Atysilla humilis

Scientific classification
- Kingdom: Animalia
- Phylum: Arthropoda
- Clade: Pancrustacea
- Class: Insecta
- Order: Coleoptera
- Suborder: Polyphaga
- Infraorder: Scarabaeiformia
- Family: Scarabaeidae
- Genus: Atysilla
- Species: A. humilis
- Binomial name: Atysilla humilis (Péringuey, 1904)
- Synonyms: Atys humilis Péringuey, 1904;

= Atysilla humilis =

- Genus: Atysilla
- Species: humilis
- Authority: (Péringuey, 1904)
- Synonyms: Atys humilis Péringuey, 1904

Species of beetle

Atysilla humilis is a species of beetle of the family Scarabaeidae. It is found in South Africa (Eastern Cape).

== Description ==
Adults reach a length of about 12-13 mm. They are brick-red and shining, with the antennae flavescent. The pronotum is covered with round, equi-distant punctures, and has in the middle a faintly raised, longitudinal, narrow, smooth band.
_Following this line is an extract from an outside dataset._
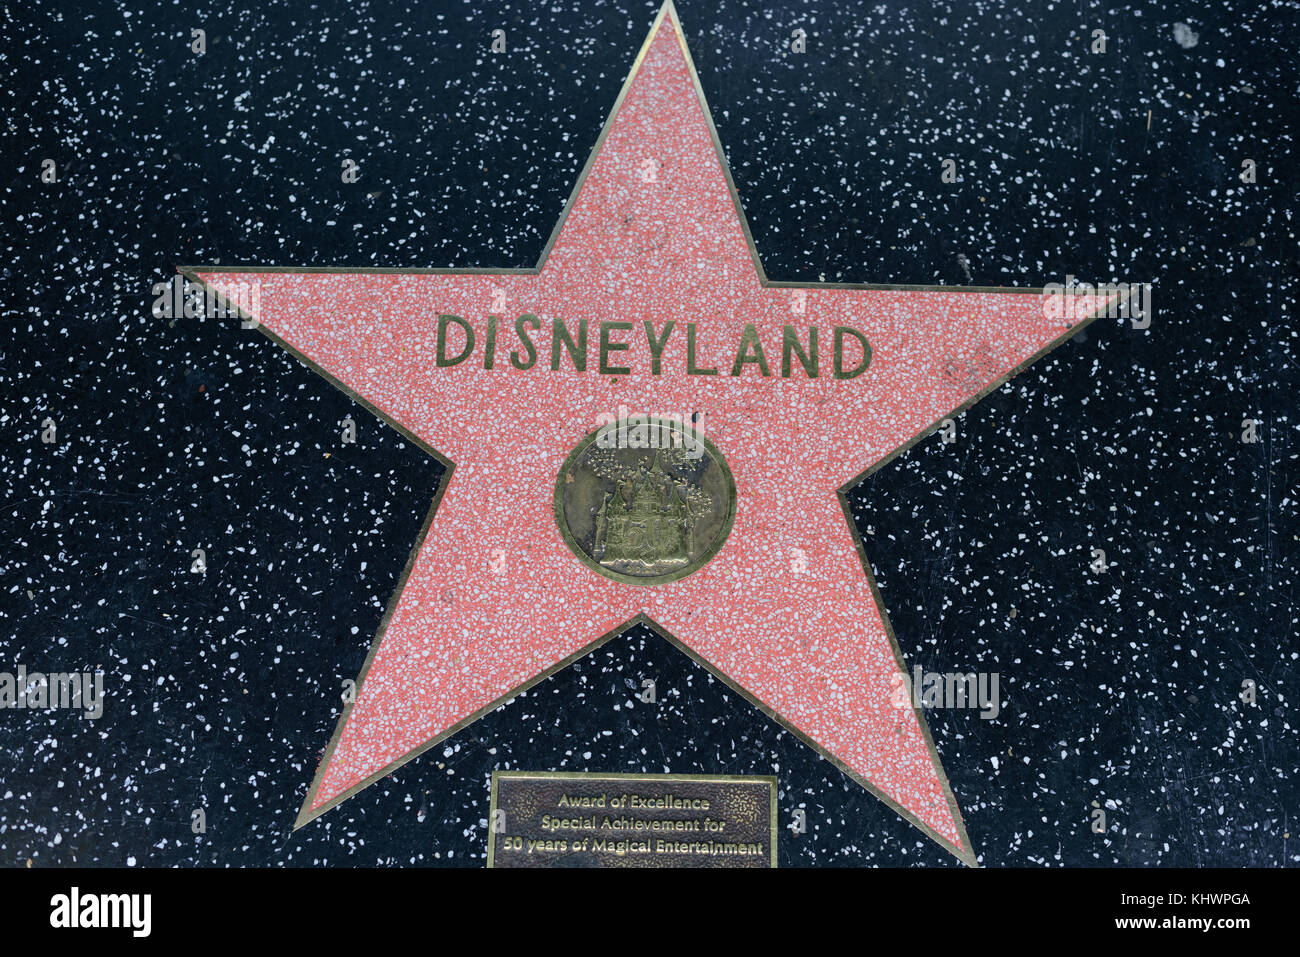 HOLLYWOOD, CA - DICEMBRE 06: Disneyland stella sulla Hollywood Walk of Fame a Hollywood, California il 6 dicembre 2016. Foto Stock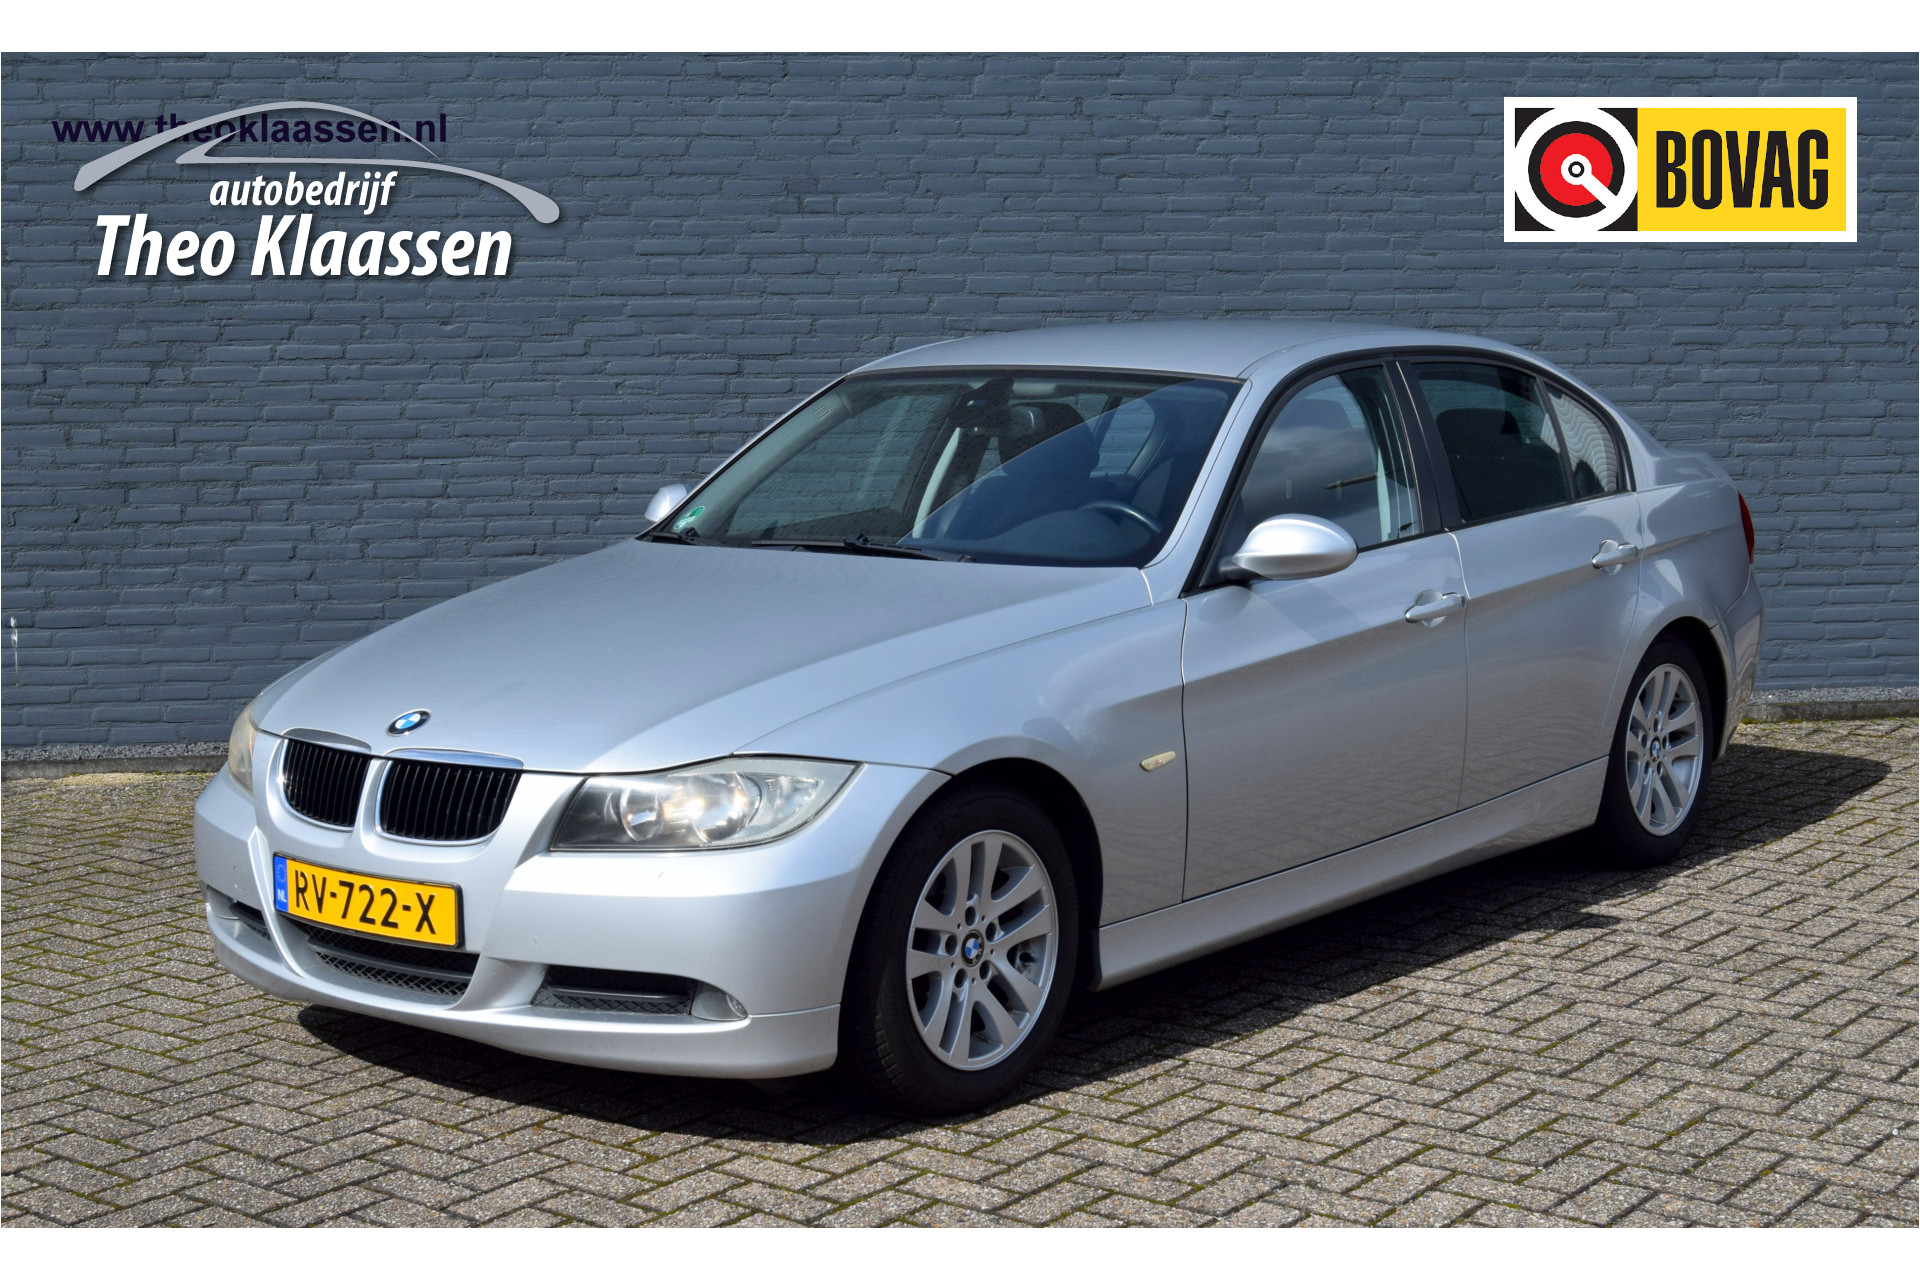 BMW 3 Serie 318i Climate & Cruise control 100% onderhouden bij viaBOVAG.nl

The scutellum has one row of punctures often partly obliterated and the elytra are somewhat deeply punctured. The pygidium is covered )with the exception of the apical part) with round punctures
separated from each other by a space equal to their own diameter.

== Taxonomy ==
Some authors consider Atysilla humilis to be a synonym of Atysilla corrosa.